Architectures Using Skip Connections
ResNet
The original, stacked residual blocks:
Conv → [Res Block] × N → [Res Block] × N → ... → FC
DenseNet
Connect every layer to every other layer:
x₁ = H₁(x₀)
x₂ = H₂([x₀, x₁])
x₃ = H₃([x₀, x₁, x₂])
Maximum feature reuse.
U-Net
Skip connections between encoder and decoder:
Encoder Decoder
[E1] ─────────→ [D1]
↓ ↑
[E2] ─────────→ [D2]
↓ ↑
[E3] ─────────→ [D3]
Bottleneck
Critical for segmentation.
Transformer
Residual + LayerNorm around attention and FFN:
x = x + Attention(LayerNorm(x))
x = x + FFN(LayerNorm(x))
Implementation
Basic Residual Block
class ResidualBlock(nn.Module):
def __init__(self, channels):
super().__init__()
self.conv1 = nn.Conv2d(channels, channels, 3, padding=1)

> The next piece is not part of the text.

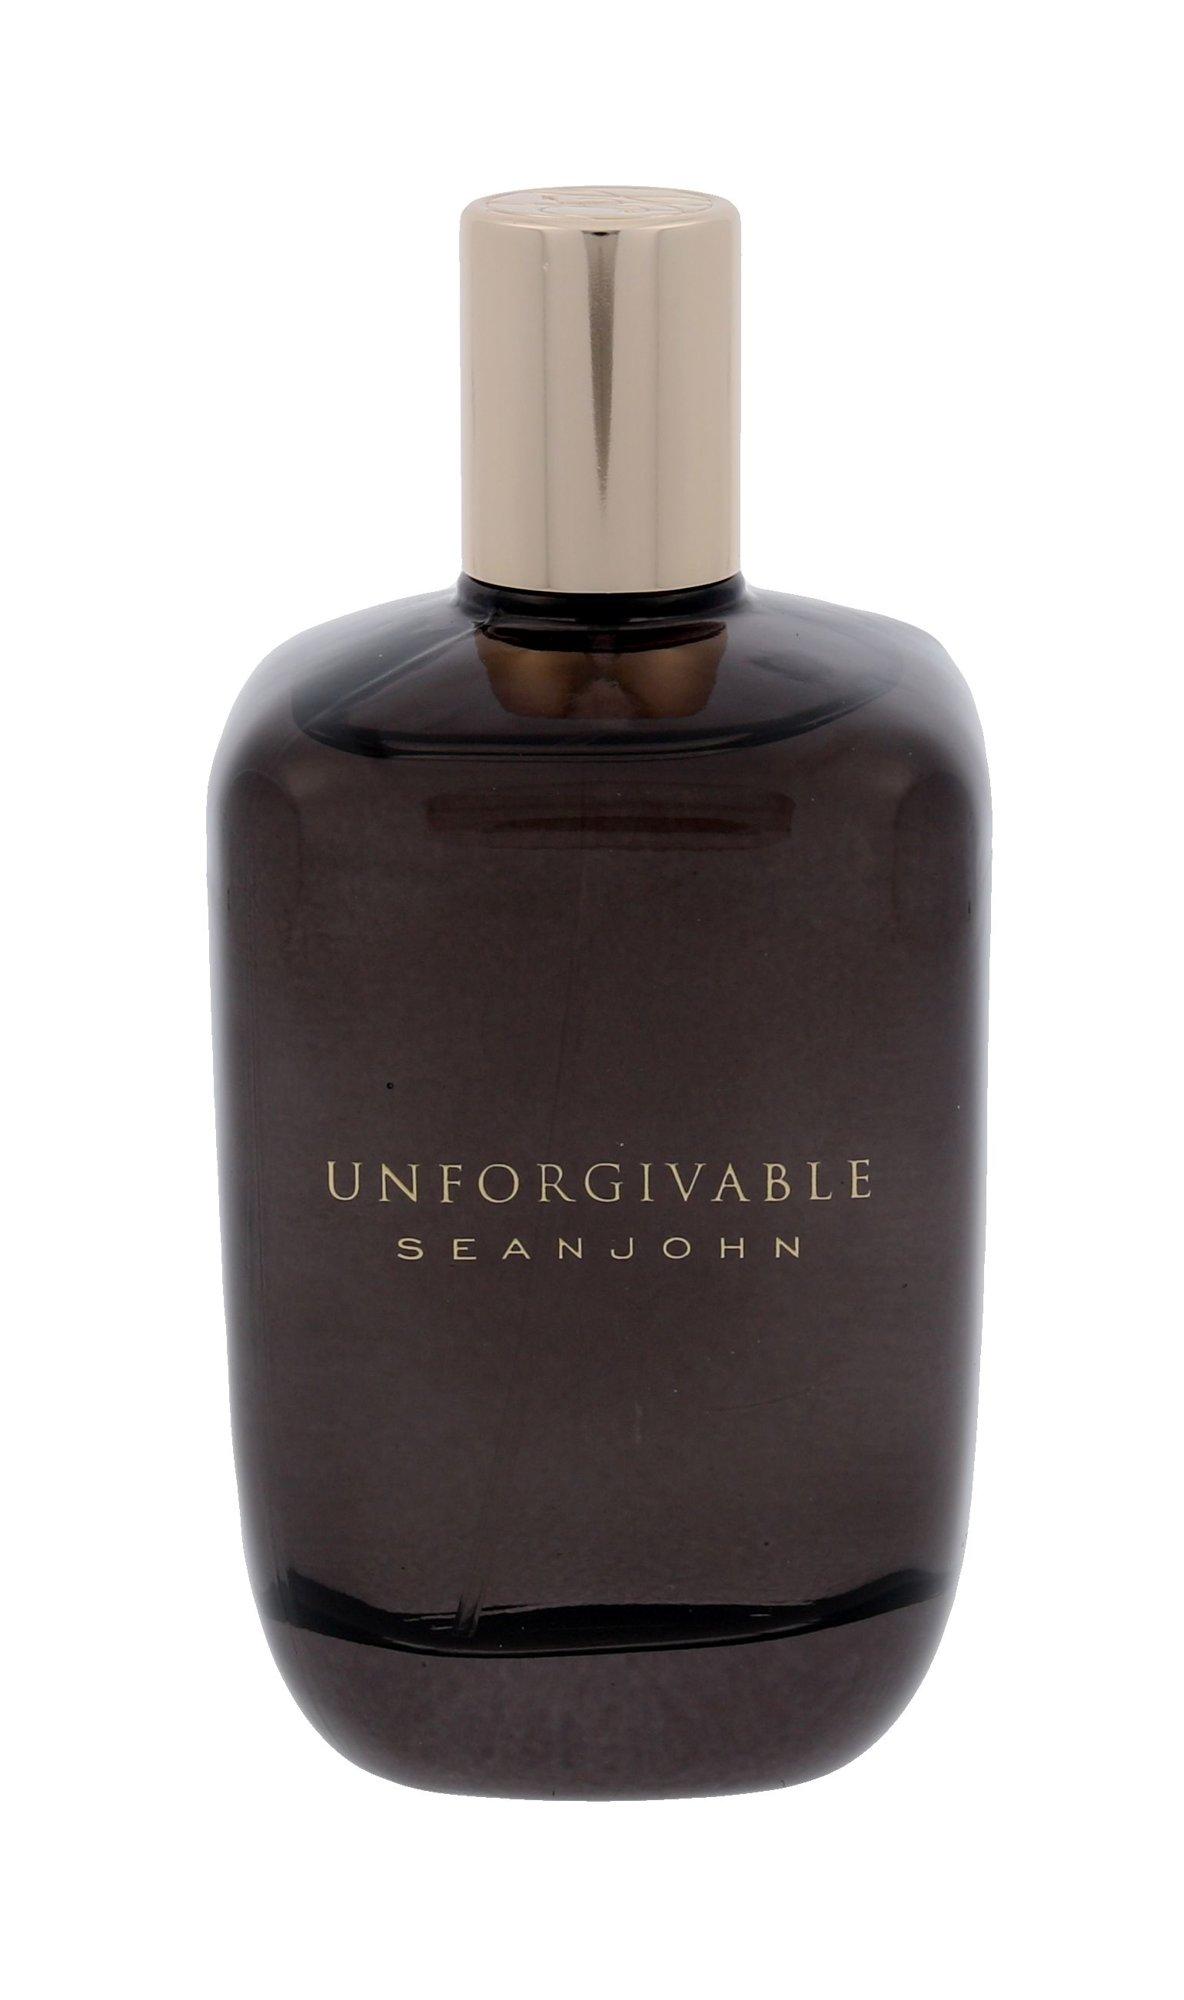 Sean John Unforgivable, Toaletná voda 125ml

self.bn1 = nn.BatchNorm2d(channels)
self.conv2 = nn.Conv2d(channels, channels, 3, padding=1)
self.bn2 = nn.BatchNorm2d(channels)
def forward(self, x):
residual = x
out = F.relu(self.bn1(self.conv1(x)))
out = self.bn2(self.conv2(out))
out += residual # Skip connection
return F.relu(out)
With Projection
class ResidualBlock(nn.Module):
def __init__(self, in_channels, out_channels, stride=1):
super().__init__()
self.conv1 = nn.Conv2d(in_channels, out_channels, 3,
stride=stride, padding=1)
self.bn1 = nn.BatchNorm2d(out_channels)
self.conv2 = nn.Conv2d(out_channels, out_channels, 3, padding=1)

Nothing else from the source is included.